En un estudio longitudinal en el que participan centenares de voluntarios desde hace años, el estudio Baltimore, se ha demostrado que la reducción en la capacidad metabólica asociada al envejecimiento se relaciona con el aumento del volumen del ventrículo cerebral -el espacio “hueco” del cerebro-. Y eso lleva a un aumento de la neurodegeneración y de la atrofia del órgano pensante.
Si reducir la capacidad metabólica implica pérdida de volumen cerebral, podemos deducir que una mejor utilización de la energía mediante la práctica del ejercicio podría ralentizar la pérdida de tejido en el cerebro.
¿Es así?

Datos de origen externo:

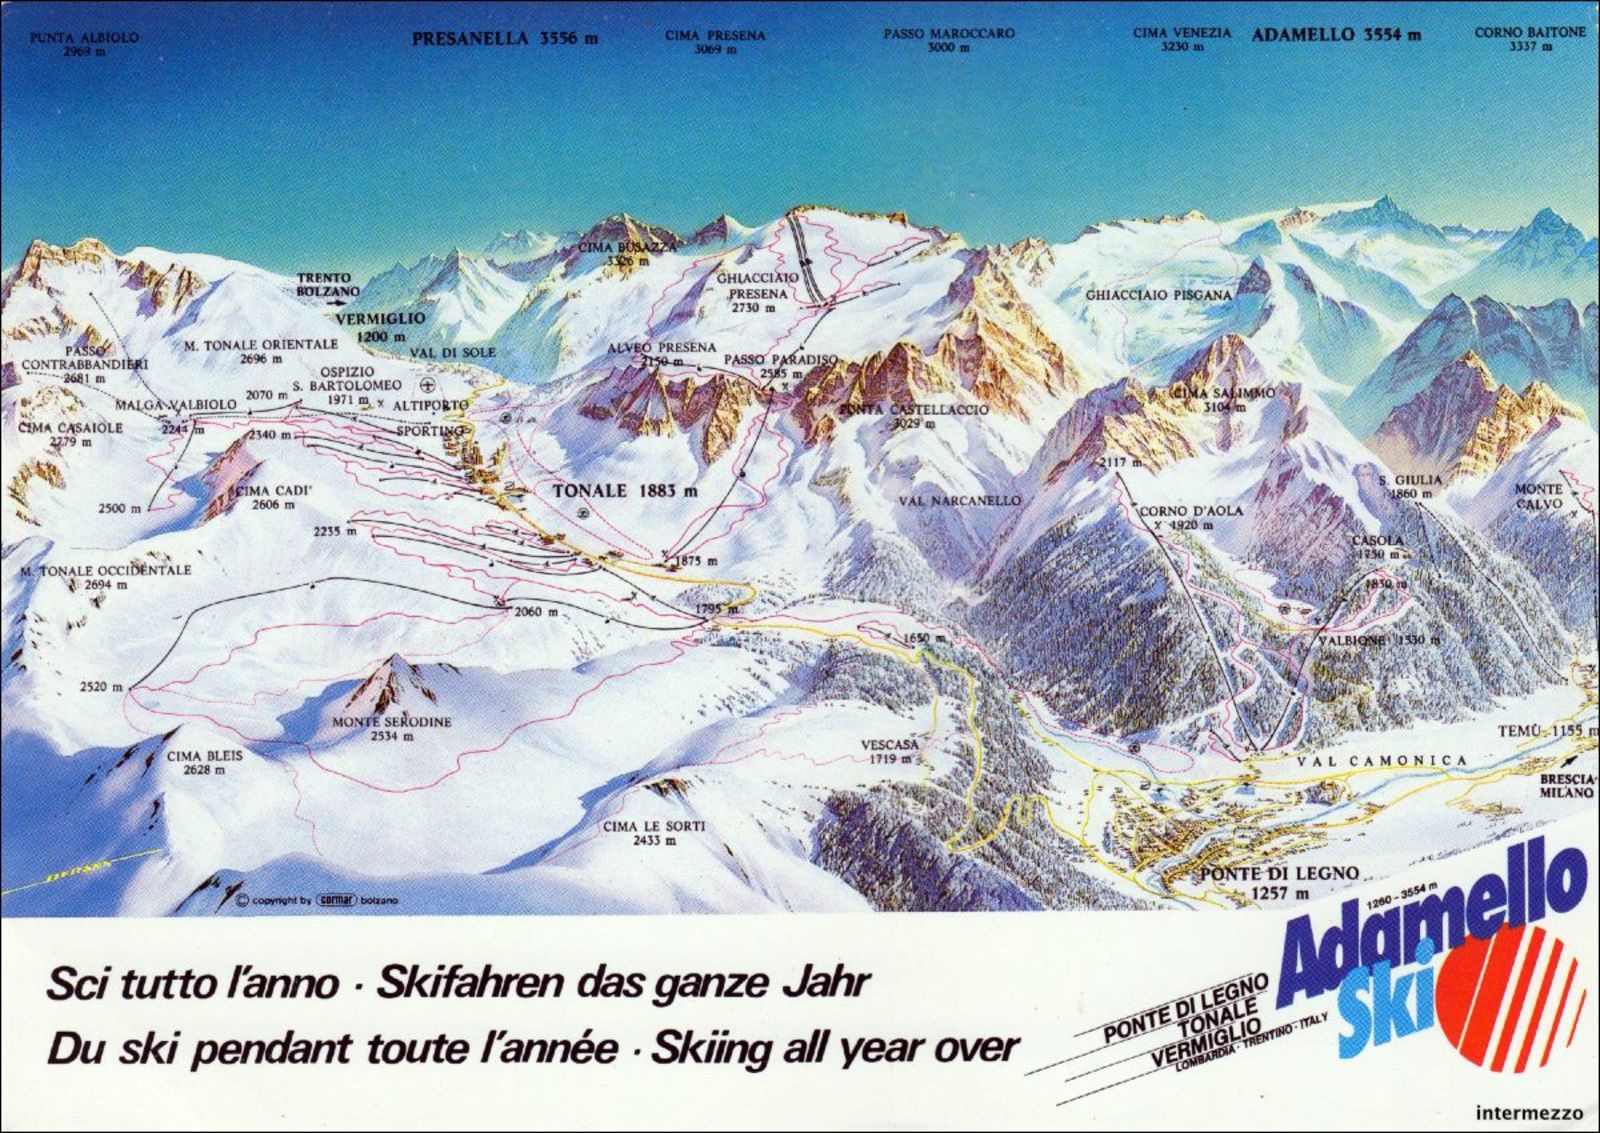 Collegamento Pejo - Passo Tonale via Passo Contrabbandieri | SkiForum -  Sci, turismo, sport e passione

Responderlo no es sencillo. Sobre todo, porque uno de los principales escollos que nos encontramos a la hora de determinar el efecto de cualquier intervención sobre el cerebro es la práctica imposibilidad de comprobar rápidamente sus consecuencias.
El cerebro no es como la sangre o el músculo, que rápidamente muestran una respuesta fácilmente medible de manera directa o a partir de componentes sanguíneos. Lo bueno es que la llegada de métodos de imagen cada vez más fiables está permitiendo detectar algunas modificaciones estructurales en ciertas zonas del cerebro.
Hace ya tiempo que tenemos indicios de que la práctica de ejercicio físico mejora la capacidad cognitiva e incrementa el tamaño de determinadas áreas del cerebro, especialmente de las relacionadas con la memoria.
Por ejemplo, en 2011 se publicó un artículo en PNAS (Documentos de la Academia Nacional de Ciencias de EE.UU.) donde se indicaba que el ejercicio físico aumentaba el volumen del hipocampo, la sección del cerebro donde reside la memoria. En otros estudios en personas mayores se demostró que el ejercicio físico también prevenía la pérdida de volumen en esta zona del cerebro.
Por otro lado, la práctica de ejercicio físico controlado en una población de personas mayores ha sacado a la luz que existe una correlación positiva entre la práctica del ejercicio físico y la cantidad de sustancia gris en otras zonas del cerebro sensibles a la degeneración asociada con el envejecimiento.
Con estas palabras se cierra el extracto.